2022-11-04 –, ADASS Conference Room 1
The ESAC Science Data Centre (ESDC) is handling the archive data for several astronomy, solar and planetary missions. We started with some gigabytes of information, currently in the hundreds of terabytes and not so far in the future we will handle with petabytes. Some important fraction of them reside in database systems which allows to analyse the data directly in the ESDC systems using VO protocols. All kinds of data: structured, semi and unstructured. How to store this data in a database to give the users the ability to query easily the contents of a space mission?. How do we choose a solution that will handle some small data to one that scales better for big data. May this be a nightmare?
One does not fit all, but maybe in the future it well may happen.
We will review the evolution of database solutions for big data space projects with special focus in the ones that we have already tested (PostgreSQL, CitusDB, PostgresXL, Greenplum) with specific implementation for the Gaia DR3 release, the European JWST archive, the Euclid Science Archive and the future PLATO Data Archive.

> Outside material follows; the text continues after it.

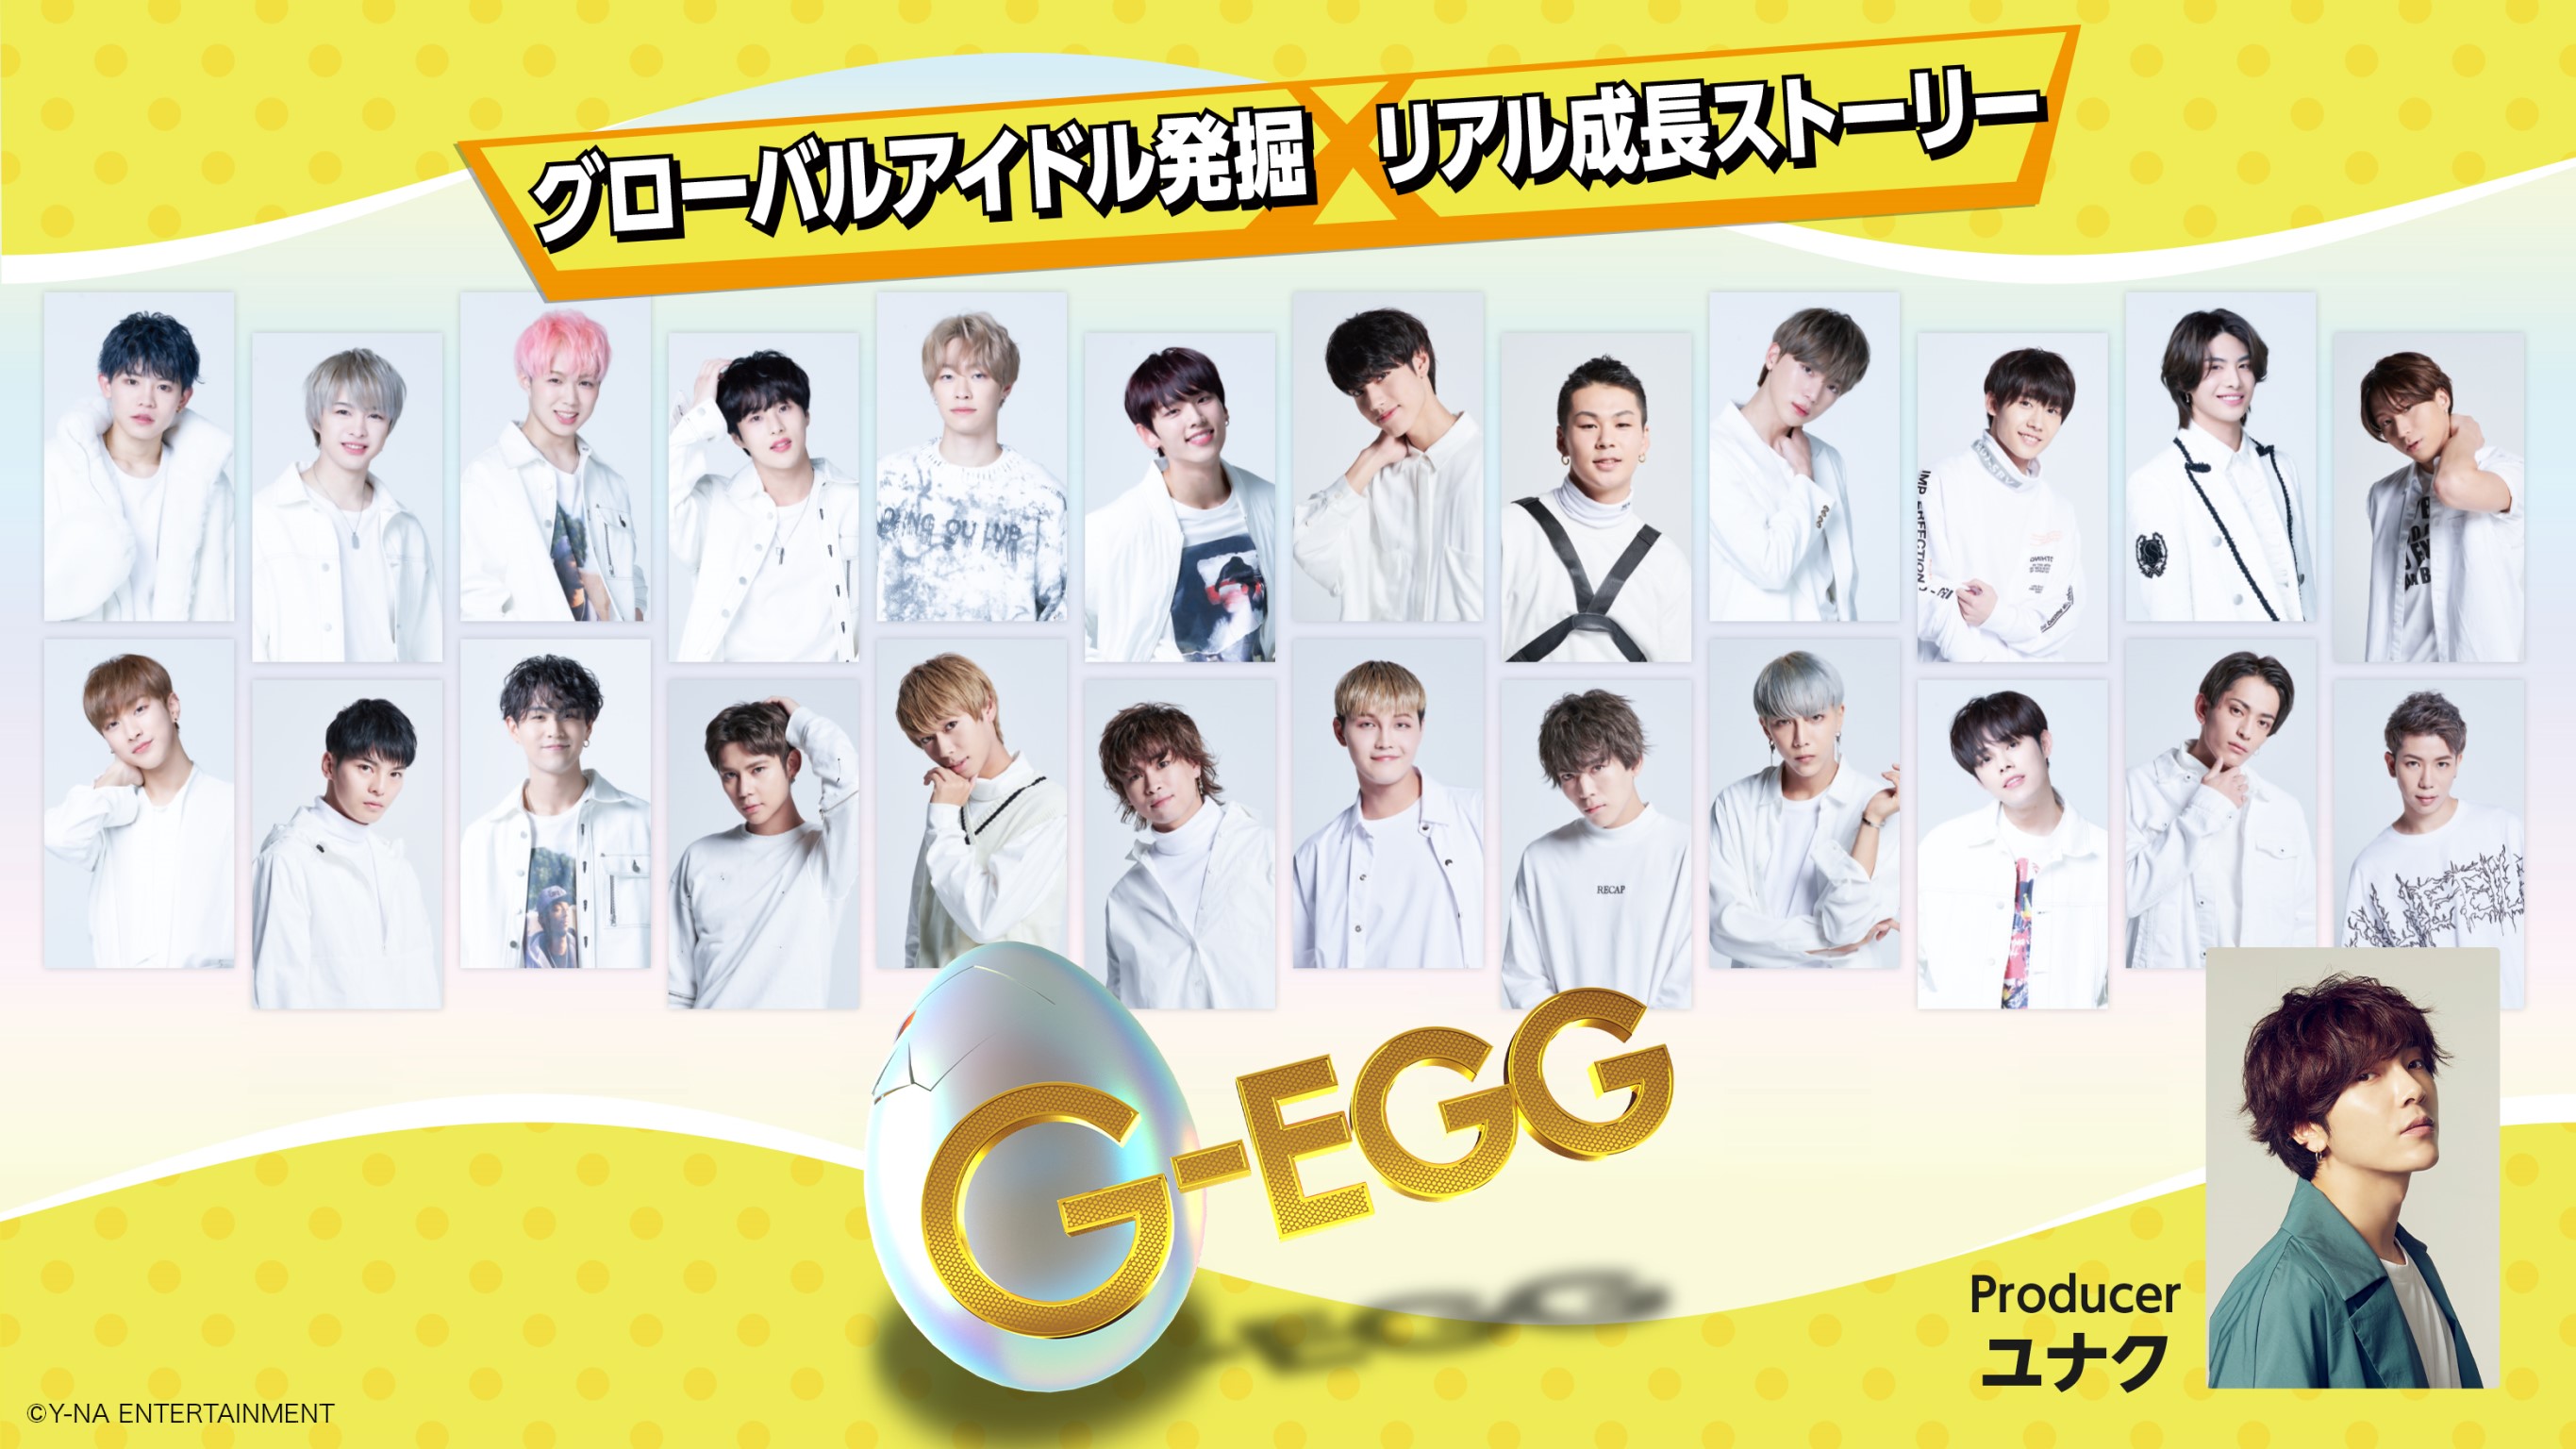 運命の最終回 日韓合同ボーイズグループ Nik のデビューメンバーを発表 G Egg 最終回 9 月 12 日 土 深 1 00 オンエア Mnetのプレスリリース
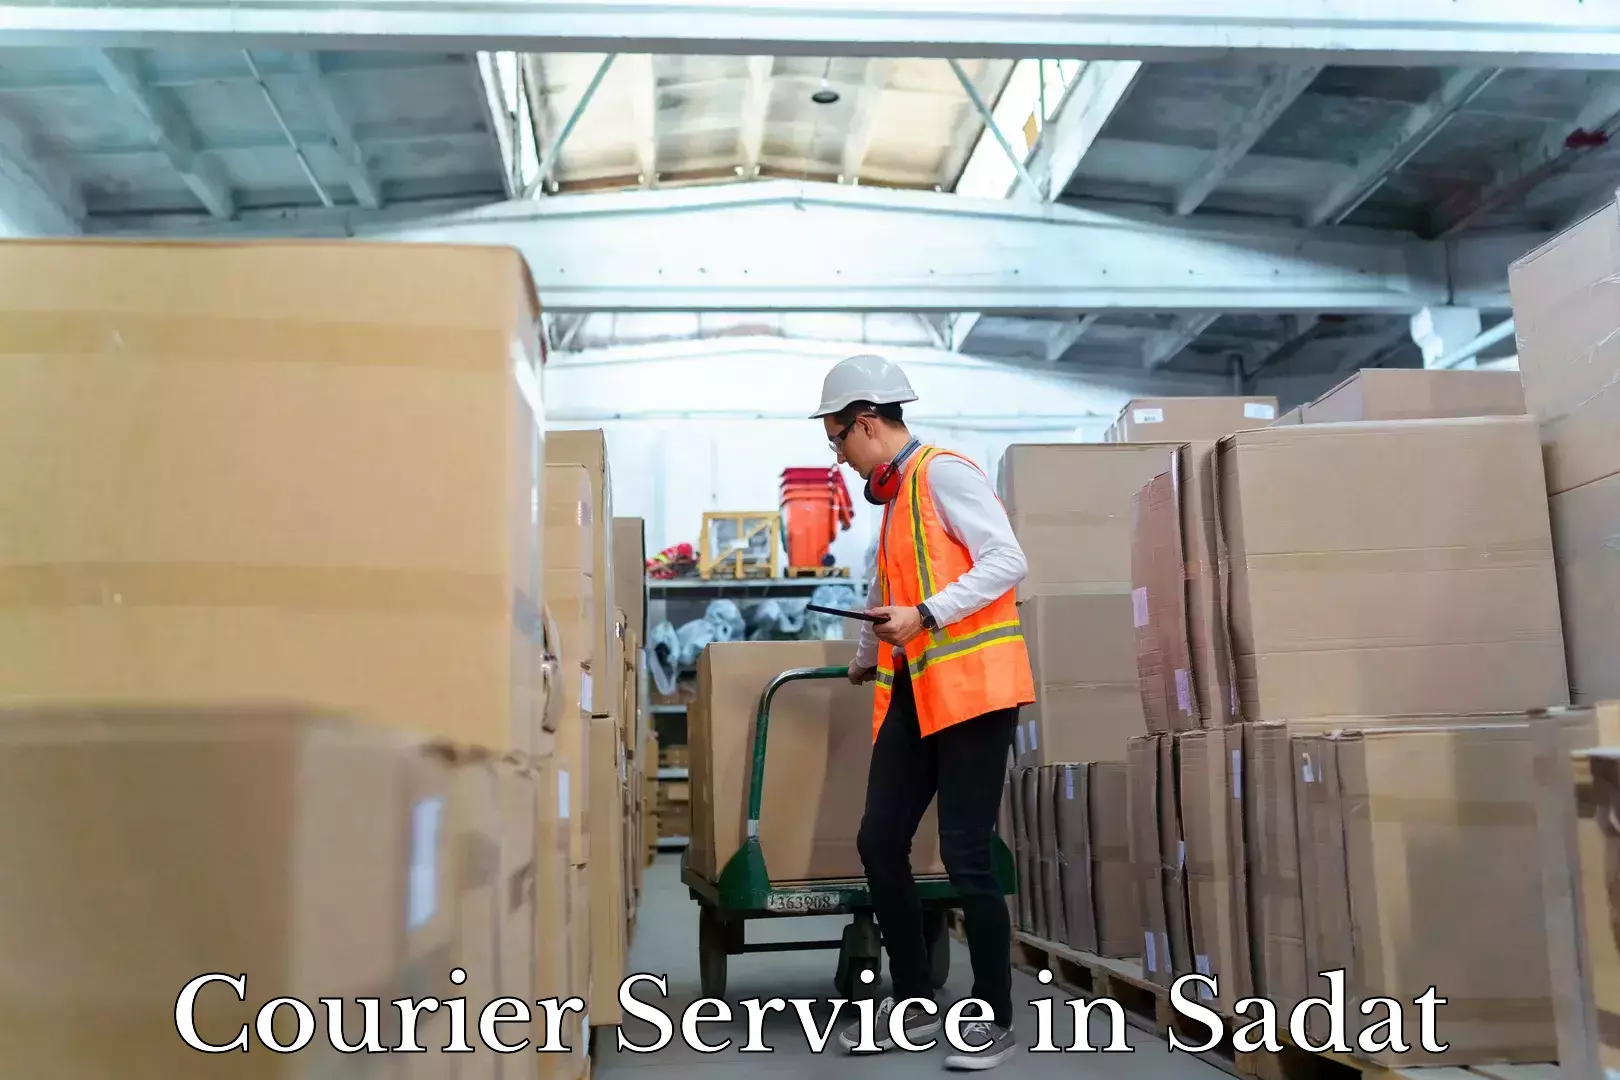 Affordable parcel service in Sadat

Pilar de Teodoro studied Applied Physics at Universidad Autonoma de Madrid and at the Niels Bohr Institute in Copenhagen. After returning to Spain from Denmark, she joined Oracle Iberica to become a consultant in several projects in the technology area working as DBA, Application Server administrator and Portal Developer. More than 8 years later, in 2006, she joined the Gaia team at ESAC in the role of SOC DataBase Administrator and database testing manager. After working more than 8 years in the Gaia SOC, she joined the ESAC Science Data Center (ESDC) where she works as database expert and is themission technical interface for the Gaia archive.